A303751 Suspected divisor-or-multiple permutation: a(1) = 1, and for n > 1, a(n) is either the least divisor of a(n-1) not already present, or (if all divisors already used), a(n) = a(n-1) * {the least power of the least prime not dividing a(n-1) such that the term is not already present}.

Original entry on oeis.org

1, 2, 6, 3, 12, 4, 36, 9, 18, 90, 5, 10, 30, 15, 60, 20, 180, 45, 360, 8, 24, 120, 40, 1080, 27, 54, 270, 135, 540, 108, 2700, 25, 50, 150, 75, 300, 100, 900, 225, 450, 3150, 7, 14, 42, 21, 84, 28, 252, 63, 126, 630, 35, 70, 210, 105, 420, 140, 1260, 315, 2520, 56, 168, 840, 280, 7560, 72, 1800, 200, 600, 4200
Offset: 1

Views

Author

Antti Karttunen, May 01 2018

Keywords

Comments

The greedy algorithm which constructs this sequence can be understood also in terms of Heinz encodings of partitions (see A215366): Any term a(n) corresponds to a particular integer partition {s1+...+sk} via mapping a(n) = prime(s1) * ... * prime(sk), where s1 .. sk are the summands of an integer partition. The choices for constructing the next partition are: If by removing any parts from the partition we can find any smaller partitions that have not already occurred in the sequence, then we choose the one which has the smallest Heinz encoding value. On the other hand, if all partitions obtained by such removals have already occurred in the sequence, then we add to the current partition the least number of copies of the least positive integer that is not yet a part of the partition (A257993), until a partition is found which is not yet in the sequence.
From Antti Karttunen & David A. Corneth, May 01 - 04 2018: (Start)
No two successive descending terms, that is, a(n) > a(n+1) > a(n+2) never occurs.
For n > 1, if a(n) is odd then a(n-1) = 2^h * k * a(n) and a(n+1) = 2^j * a(n) for some h, k and j, that is, odd terms occur between two larger even numbers.
If a(n) < a(n+1) < a(n+2) then (a(n+1) / a(n)) is a divisor of a(n+2).
However, when a(n) < a(n+1) > a(n+2) then (a(n+1) / a(n)) might not be a divisor of a(n+2). The first such case occurs at n=64..66, as a(64) = 280 = 2^3 * 5 * 7, a(65) = 7560 = 2^3 * 3^3 * 5 * 7, and a(66) = 72 = 2^3 * 3^2. We have 7560/280 = 27, which is not a divisor of 72 (72/27 = 8/3).
In most cases, when a(n+1) < a(n) then gcd(a(n+1), a(n)/a(n+1)) = 1 (about 87% for the first 100000 descents). However, there are many exceptions to this, the first case occurring at a(65) = 7560 = 2^3 * 3^3 * 5 * 7 and a(66) = 72 = 2^3 * 3^2, with gcd(72,7560/72) = 3.
(End)
From David A. Corneth, May 04 2018: (Start)
The sequence can be partitioned into a tabf sequence with rows having the first element odd and the others even.
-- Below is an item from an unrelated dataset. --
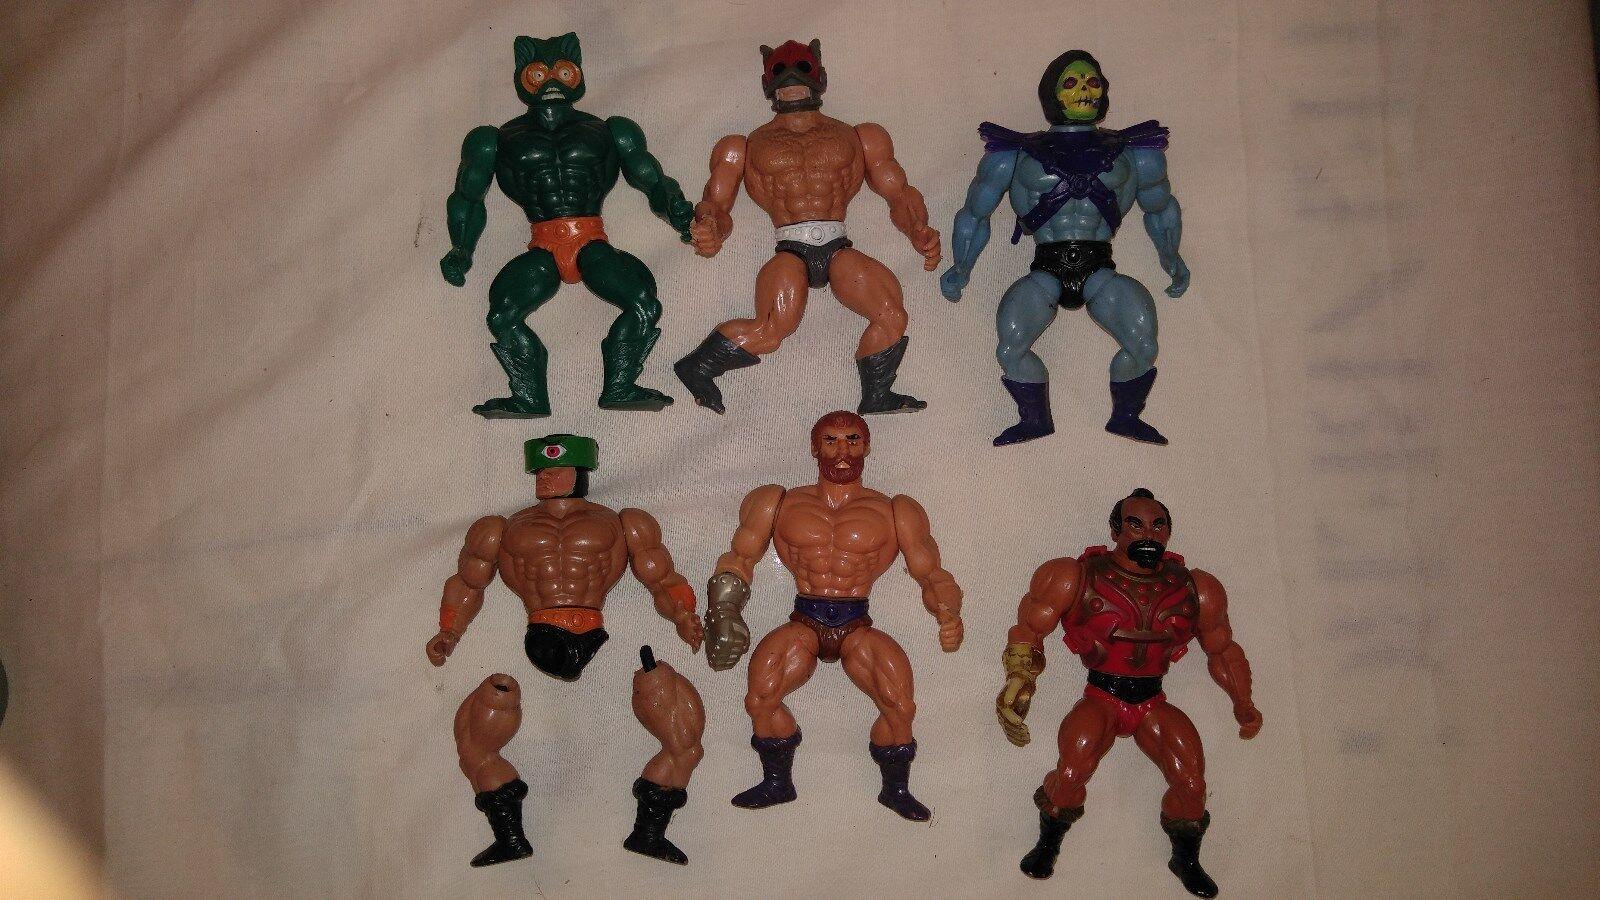 6 Masters of the Universe Lot Skeletor, Mer-man, Fisto, Zodac, Tri-Klops, Jitsu

It would give (1, 2, 6), (3, 12, 4, 36), (9, 18, 90), (5, 10, 30), (15, 60, 20, 180), (45, 360, 8, 24, 120, 40, 1080), (27, 54, 270), ...
It turns out that some rows are multiples of others; for example, the row (5, 10, 30) is five times the row (1, 2, 6). (End)
See also "observed scaling patterns" in the Formula section.
A303750 gives the positions of odd terms.
A282291 and A304531 are unitary divisor variants that satisfy the condition gcd(a(n+1), a(n)/a(n+1)) = 1, whenever a(n) > a(n+1).
The primes 2, 3, 5, 7, 11, 13, 19, 23 and 29 occur at positions 2, 4, 11, 42, 176, 1343, 8470, 57949, 302739, 1632898, thus after 7 and except for 13, a little earlier than they occur in variant A304531.

Examples

			a(64) = 280 = 2^3 * 5 * 7 = prime(1)^3 * prime(3) * prime(4), which by Heinz-encoding corresponds to integer partition {1+1+1+3+4}. We try to remove all 1's (to get {3+4}, i.e., prime(3)*prime(4) = 35, but that has already been used as a(52)), or to remove either 3 or 4 or both, but also 8, 40 and 56 have already been used, and if we remove all 1's and either 3 or 4, then also prime(3) and prime(4), 5 and 7 have already been used. So we must add one or more copies of 2 (the least missing part) to find a partition that has not already been used. And it turns out we need to add three copies, to get {1+1+1+2+2+2+3+4} to obtain value prime(1)^3 * prime(2)^3 * prime(3) * prime(4) = 7560 not used before, so a(65) = 7560.
For the next partition, we remove two 2's and both 3 and 4, to get {1+1+1+2+2} which gives Heinz-code 2^3 * 3^2 = 72, which is the smallest divisor of 7560 that has not been used before in the sequence, thus a(66) = 72.

Links

Crossrefs

Cf. A303752 (inverse).
Cf. A053669, A303750.
Cf. A113552, A282291, A304531, A304755 for similarly defined sequences, and also A064736, A207901, A281978, A302350, A302781, A302783, A303771 for other permutations satisfying the divisor-or-multiple property.
Cf. also A303761.
Cf. A304728, A304729 (see their scatter plots for alternative views to this process).
Differs from a variant A304531 for the first time at n = 66, where a(66) = 72, while A304531(66) = 189.

Programs

  • PARI
    up_to = 2^14;
A053669(n) = forprime(p=2, , if (n % p, return(p))); \\ From A053669
v303751 = vector(up_to);
m303752 = Map();
prev=1; for(n=1,up_to,fordiv(prev,d,if(!mapisdefined(m303752,d),v303751[n] = d;mapput(m303752,d,n);break)); if(!v303751[n], p = A053669(prev); while(mapisdefined(m303752,prev), prev *= p); v303751[n] = prev; mapput(m303752,prev,n)); prev = v303751[n]);
A303751(n) = v303751[n];
A303752(n) = mapget(m303752,n);

Formula

Observed scaling patterns:
For n = 2 .. 2 + 0, a(n) = 2*a(n-1).
For n = 4 .. 4 + 0, a(n) = 3*a(n-3).
For n = 11 .. 11 + 7, a(n) = 5*a(n-10).
For n = 42 .. 42 + 23, a(n) = 7*a(n-41).
For n = 176 .. 176 + 80, a(n) = 11*a(n-175).
For n = 1343 .. 1343 + 683, a(n) = 13*a(n-1342).
For n = 8470 .. 8470 + 3610, a(n) = 17*a(n-8469).
For n = 57949 .. 57949 + 18554, a(n) = 19*a(n-57948).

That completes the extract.